Crossover behaviours exhibited by fluctuations and correlations in a chain of active particles

TL;DR

This paper investigates the crossover behaviors of fluctuations and correlations in a harmonic chain of active particles, revealing distinct super-diffusive to sub-diffusive transitions and deriving explicit crossover functions supported by simulations.

Contribution

It provides a comprehensive analytical and numerical study of crossover scaling functions for fluctuations and correlations in active particle chains across three models.

Findings

Mean squared displacement shows super-diffusive to sub-diffusive crossover.

Explicit crossover functions connecting different scaling regimes are derived.
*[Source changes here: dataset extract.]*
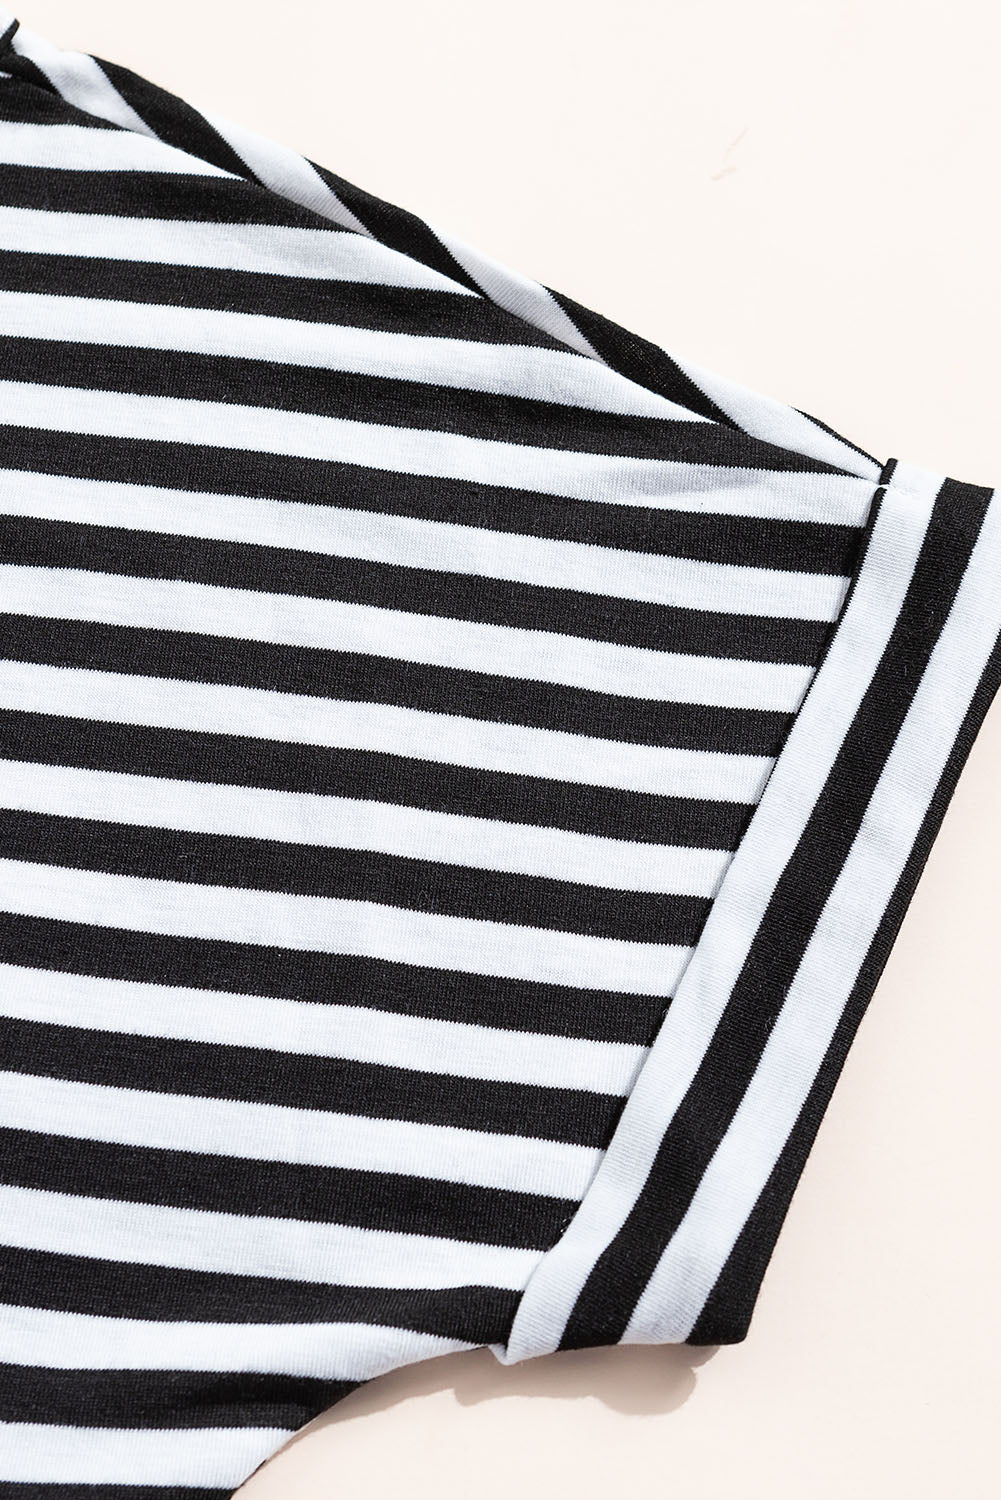 Black White Stripes Pocketed Belt Casual T-shirt Dress

Scaling forms of auto and cross correlations are established and validated.

Abstract

We study motion of tagged particles in a harmonic chain of active particles. We consider three models of active particle dynamics - run and tumble particle, active Ornstein-Uhlenbeck particle and active Brownian particle. We investigate the variance, auto correlation, covariance and unequal time cross correlation of two tagged particles. For all three models, we observe that the mean squared displacement undergoes a crossover from the super-diffusive $\sim t^{\mu}$ scaling for $t \ll \tau_A$ ($\tau_A$ being the time scale arising due to the activity) to the sub-diffusive $\sim \sqrt{t}$ scaling for $t \gg \tau_A$, where $\mu = \frac{3}{2}$ for RTP, $\mu = \frac{5}{2}$ for AOUP. For the $x$ and $y$-coordinates of ABPs we get $\mu=\frac{7}{2}$ and $\mu=\frac{5}{2}$ respectively. We show that these crossover behaviours in each case can be described by appropriate crossover function that connects these two scaling regimes. We compute these crossover functions explicitly. In addition, we also find that the equal and unequal time auto and cross correlations obey interesting scaling forms in the appropriate limits of the observation time $t$. The associated scaling functions are rigorously derived in all cases. All our analytical results are well supported by the numerical simulations.